Der emotionale Aspekt des postmodernen Denkens ist nicht auf den ersten Blick zu erkennen, sondern erfordert eine tiefgreifendere Analyse postmoderner Phänomene. Diese treten vor allem dort auf, wo der Rationalismus an seine Grenzen kommt und kein angemessene Lösung bieten kann, sondern allenfalls einen pragmatischen Ansatz, welcher seine eigene Mangelhaftigkeit miteinbezieht. Dies führt unweigerlich zur Frustration über das fehlen einer vollständigen Lösung. Nun bietet der Poststrukturalismus einen Ausweg, indem auf die tieferliegenden Strukturen hingewiesen wird, als vermeintlicher „Störfaktor“, welcher diese Lösung verunmöglicht. Dies führt zur enthemmten Konzipierung einer utopischen Lösung, deren Undurchführbarkeit dann ebenfalls diesen Strukturen zugeordnet wird. Somit wird das Problem zwar nicht einmal im Ansatz angegangen, aber auf emotionaler Ebene ist eine zufriedenstellende Lösung definiert worden, sowie der Störfaktor der diese verunmöglicht, an welchem man sich nun sprichwörtlich die Hörner abstossen kann, was ebenfalls die Satisfaktion bietet, zur vermeintlichen idealen Lösung hin zu arbeiten.
(Der Poststrukturalismus an sich ist somit bereits ein markant postmodernes Phänomen, welches statt des pragmatischen Denkens, das den Makel einer Methode akzeptiert und die Methode trotz seiner Begrenzung als Teil eines ganzheitlichen Lösungsansatzes behält, diese voll und ganz verwirft, um stattdessen eine emotional zufriedenstellende Pseudo-Lösung zu finden.)
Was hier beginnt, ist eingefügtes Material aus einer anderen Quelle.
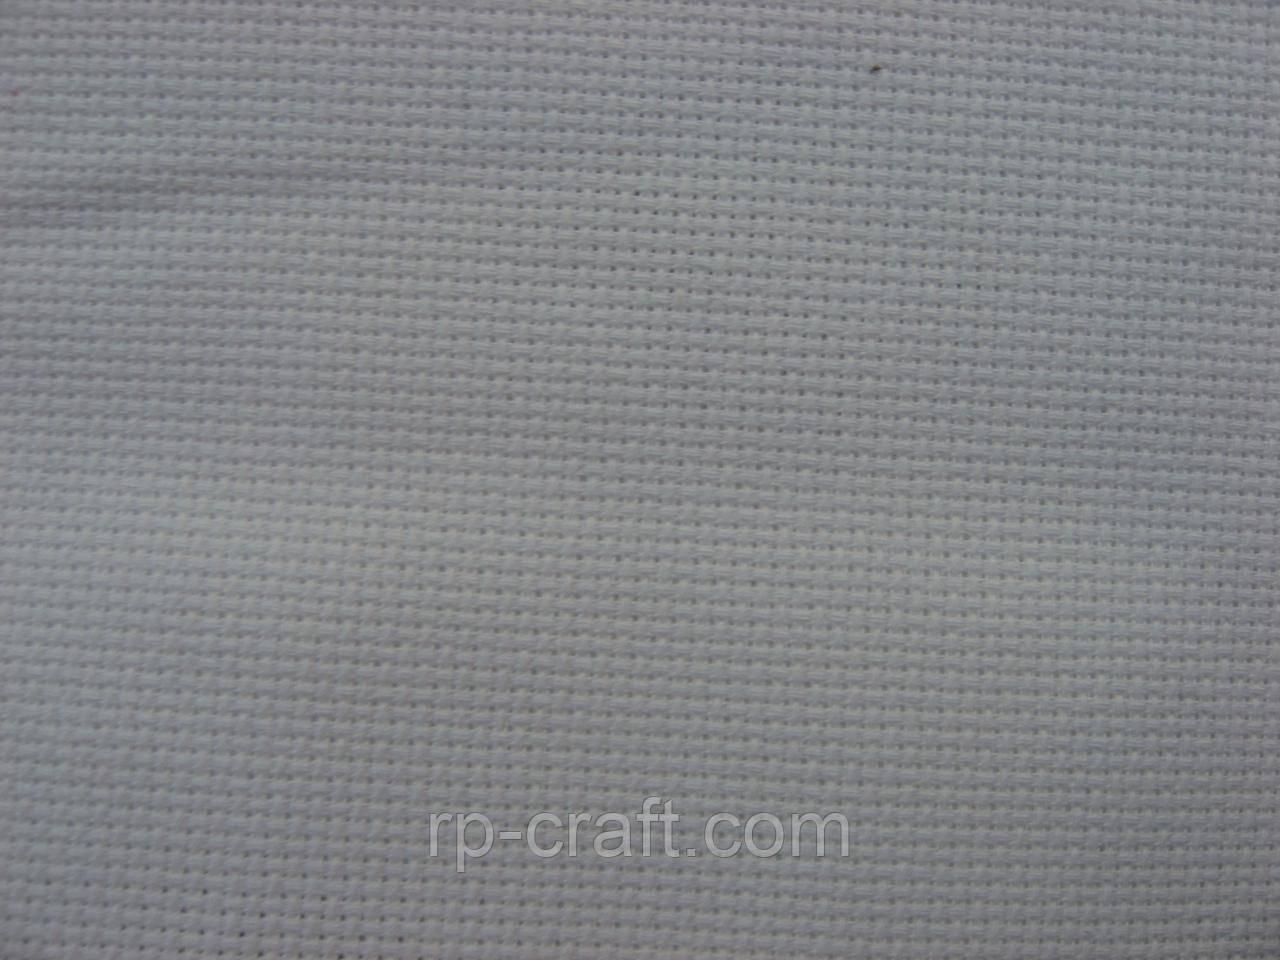 Отрез ткани для вышивки. Аида 18, белая, 35х38 см

In dem Sinne greift die Postmoderne in die geistigen Bedürfnisse nach absoluter Wahrheit, nach Antworten, nach Transzendenz, gar nach einem Lebenssinn, welche für gewöhnlich von der Religion aufgegriffen wurden, welche infolge des Trugschlusses, dass diese durch das rationale Wissen nunmehr bedeutungslos geworden sei, aus dem Alltag vieler Menschen verschwunden ist. Dies erklärt auch weshalb sich die postmodernen Phänomene dermassen sektiererisch verhalten, die Debatte meiden, in absoluten Werten wie Gut und Böse gliedern, existenzielle Bedrohungen herbei beschwören, Etikettierungen an Abweichler verteilen, usw., vor allem aber jeglichen Pragmatismus mit grösster Vehemenz ablehnen.
Das Gleichgewicht zwischen dem gesunden Ausleben des emotionalen Begehren nach transzendentaler Wahrheit und der rationalen Akzeptanz von pragmatischer Realität gerät aus den Fugen. Stattdessen setzen sich die emotionalen Triebe durch, welche den Zeitgeist der Postmoderne prägen.